Dave Zweifel — 7/10/2009 12:22 pm
Republicans in Congress think they've got the issue to bring down President Obama: the federal deficit.
If the deficit does indeed negatively impact Obama and the Democrats, it will be testimony to why the rest of the world perceives that we Americans have very short memories.
While it's true that the stimulus packages and the bank and automobile bailouts are adding to the national debt that our grandkids and their kids will have to pay someday, let's not forget how we got into this mess.
Truth be told, all of Obama's spending so far hasn't added as much to the national debt as did George W. Bush's $1.3 trillion tax cut for our country's wealthiest people -- and that's not counting the contrived war that he started.
When Bush left office he left the country with a $10.6 trillion national debt and an economy that was falling off the cliff.
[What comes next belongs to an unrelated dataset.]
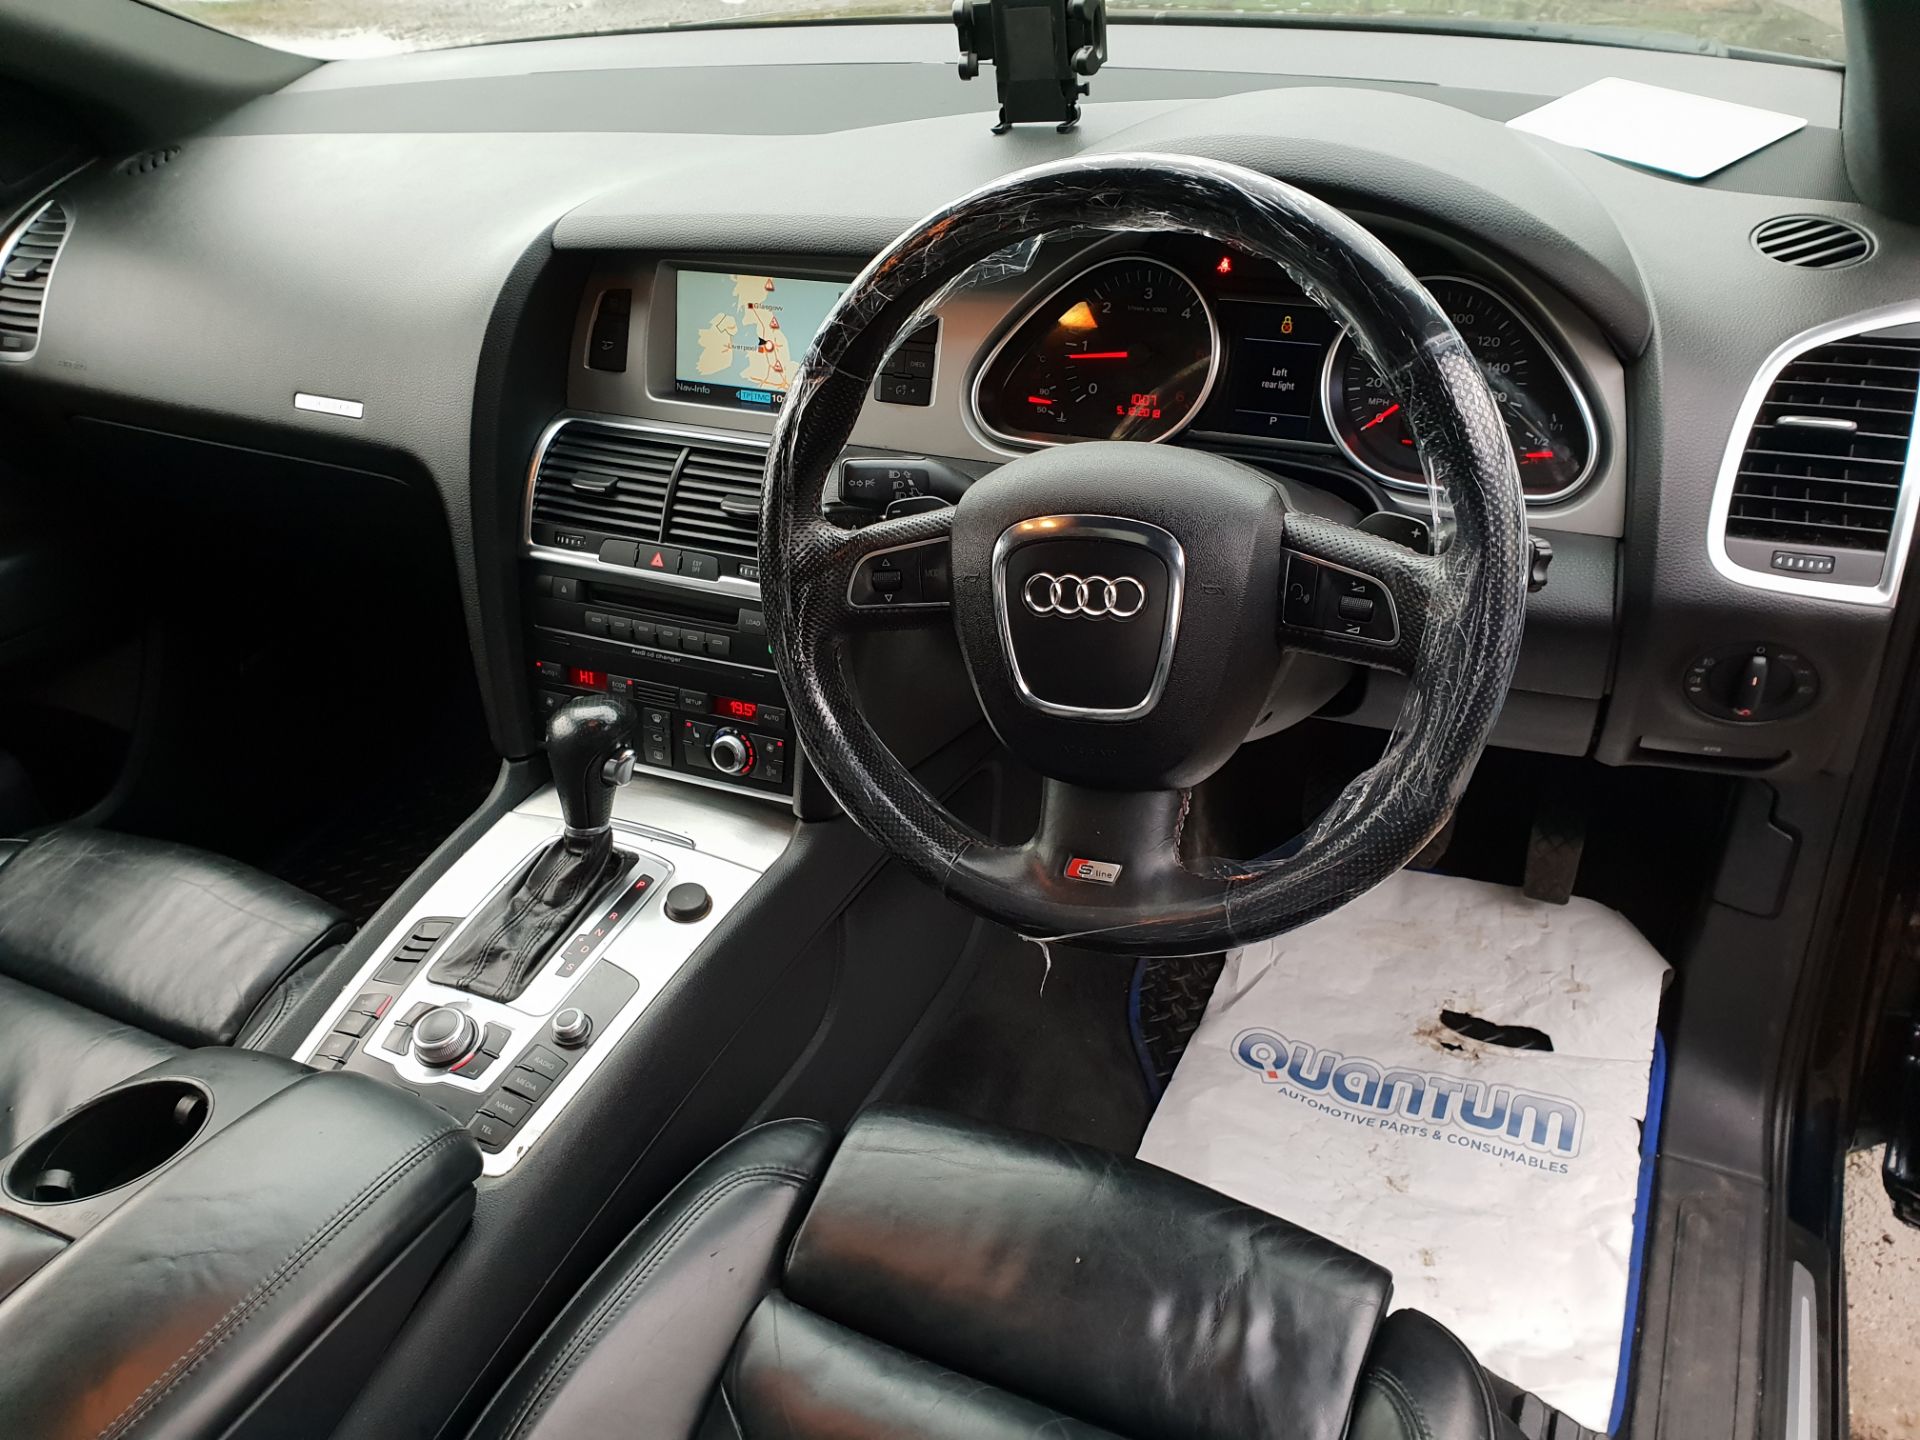 2009, Audi Q7 S-line 3.0 TDI - No VAT on hammer. - Image 8 of 10

In fact, he began the bank bailouts several weeks before the end of his term and demanded no oversight of what they were getting.
That $10.6 trillion was more than two and a half times the debt that Bill Clinton had left him in 1993. The $4 trillion debt at the time was being whittled down by a federal budget that was actually in the black. Then along came Bush, who like Ronald Reagan before him thought he could fix the economy by spending tons on the military and cutting taxes at the same time.
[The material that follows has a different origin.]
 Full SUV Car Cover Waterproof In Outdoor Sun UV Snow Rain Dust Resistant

Funny, but the Mitch McConnells and John Boehners of the Republican hierarchy in Congress weren't complaining a bit about all that red ink back then.
The national debt stands at about $11.4 trillion today and unless the economy turns around quickly, which is highly doubtful, it will grown substantially larger in the coming years. Obama thinks the deficit will start coming down in a couple of years; others fear it will take much longer.
Such a huge national debt is not good, but it wasn't good at $10.6 trillion either, especially when it was brought about by foolish tax cuts and spending close to a trillion dollars on a war in Iraq.
Today's deficits are necessary to save the economy from plummeting even further and hurting millions more people than the millions who have already been hurt.
Perhaps the GOP thinks it can blame Obama, but the American people hopefully have longer memories.
Dave Zweifel is editor emeritus of The Capital Times.